With respect to firefighter and police pay, the parties directly affected have been trying to hide the truth from the taxpayers who pay their salaries.  For the last twenty years, I have represented many police officers in disputes with their chiefs of police in various communities in Central Texas.  When I was city attorney in San Marcos in the 1980s, I gave legal advice to the police department as much as to any other city department.  I don’t come at this issue of pay with a bias against such public service employees, but I do respect complete truthfulness.

As far as I can determine, here is the short version of what happened last year when the San Marcos firefighters and police won a significant new contract for salary and benefit increases.  One hundred fifty employees split $2.8 million over three years.  That is an average just under $19,000.  None of this money was for equipment, or training, or new hires.  It was all for salaries and benefits for existing employees. (Austin American-Statesman, Dec. 3, 2009, page B2.)

And they will be back for more in the near future.  Thus, it is important for them to have a city council made up of people who will give them the increases in salaries and benefits that they want.  San Marcos firefighters and police have become increasingly involved in the political process over the last twenty-five years.  Their PAC takes contributions from anyone.  Developer and political activist Terry Gilmore gave them and others thousands of dollars to try to defeat John Thomaides.

Now, one of their own, former San Marcos police officer Rodney Van Oudekerke is running for city council.  It is unlikely he will vote against his old friends and colleagues.  Daniel Guerrero, running for mayor, has thrown in his lot with the firefighters and police.  It is no wonder that he has done so since he has relatives among those groups.

Now, I have learned that the organization Combined Law Enforcement Associations of Texas (CLEAT) is coming to town to work to defeat John Thomaides in his bid for mayor because Thomaides will not be a rubber stamp for what the police and firefighters want, which is more money from the taxpayers.

If the best argument you can make is that they have dangerous jobs and deserve everything they ask for, I’ll remind readers what I wrote about this issue last December:  “The recognition of the danger of the jobs of police officers and firefighters gives other city employees a good argument to make in favor of similar increases in their pay.  During the 25 years I have lived in San Marcos, I don’t recall that a single police officer or firefighter has been killed in the line of duty.  However, I do remember that around 1988 a Public Works Department employee driving heavy equipment across what is now the intersection of MLK and Guadalupe was killed when a tractor-trailer rig hit him.  And we all know that animal control employees have to deal with vicious dogs and even wild animals on occasion.”

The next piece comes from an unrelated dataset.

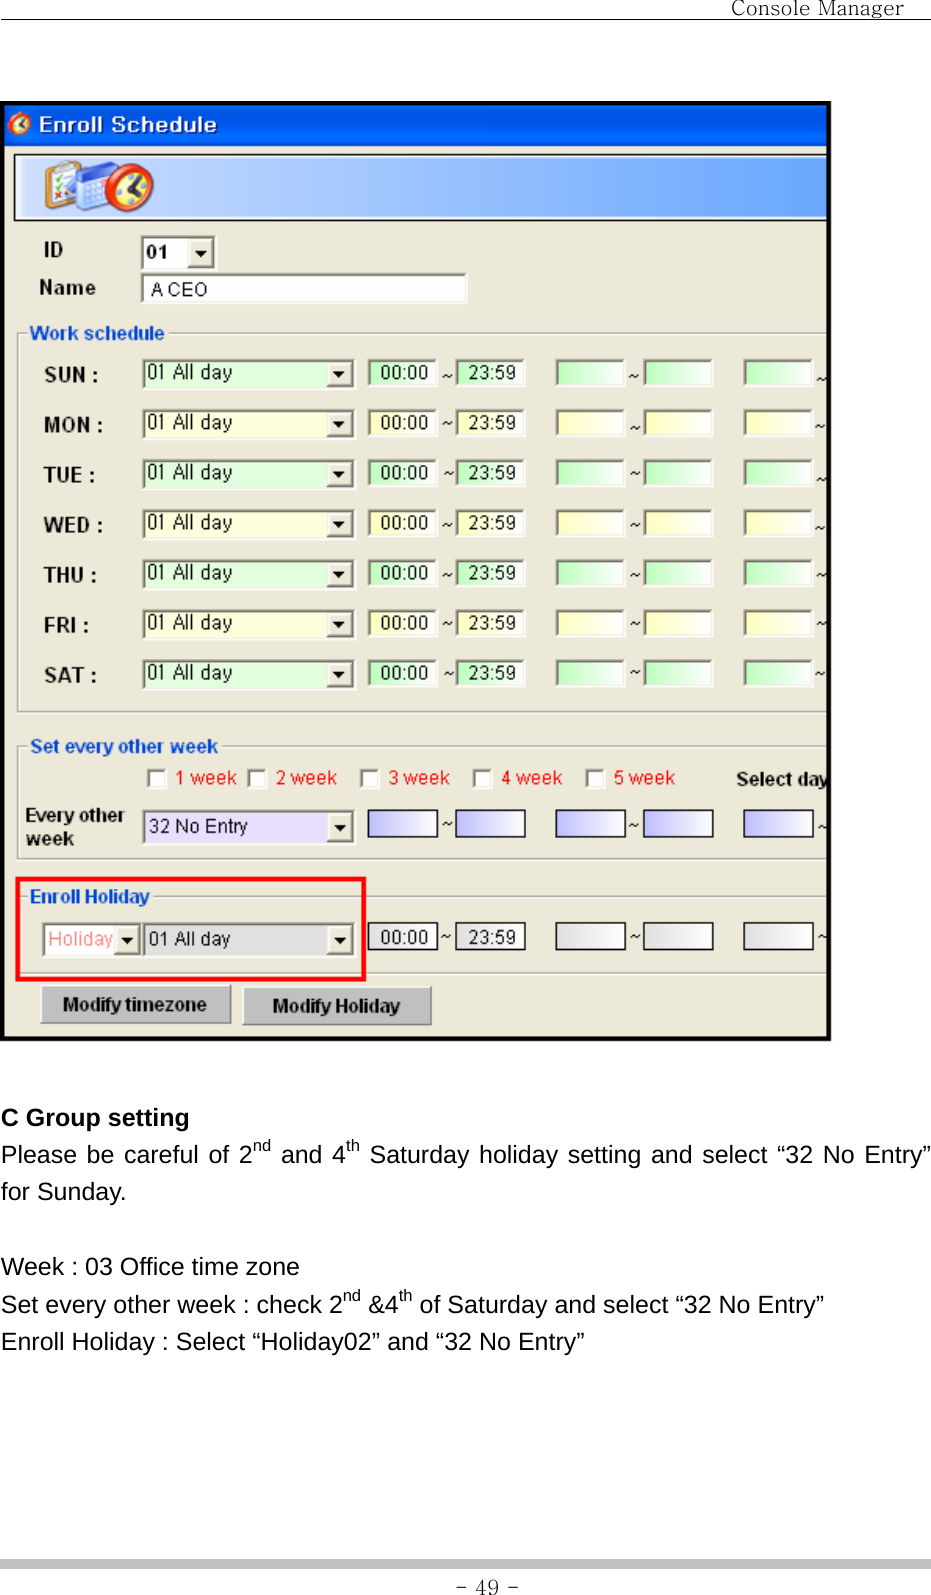                                Console Manager               - 49 -  C Group setting Please be careful of 2nd and 4th Saturday holiday setting and select “32 No Entry” for Sunday.  Week : 03 Office time zone Set every other week : check 2nd &amp;4th of Saturday and select “32 No Entry” Enroll Holiday : Select “Holiday02” and “32 No Entry”

I have grown tired of hearing the emotional argument about the extraordinary danger of their jobs because the facts don’t support that view.  According to the Bureau of Labor Statistics, U.S. Department of Labor, the most dangerous jobs based on their fatality rates are fishers, timber cutters, airplane pilots, structural metal workers, taxicab drivers, construction laborers, roofers, electric power installers, truckdrivers, farm workers.  Then we find the police in eleventh place.  I do not mean to denigrate the dangerousness of their jobs, but that dangerousness needs to be put into perspective.  There are other city employees with more dangerous jobs who are not paid nearly as well.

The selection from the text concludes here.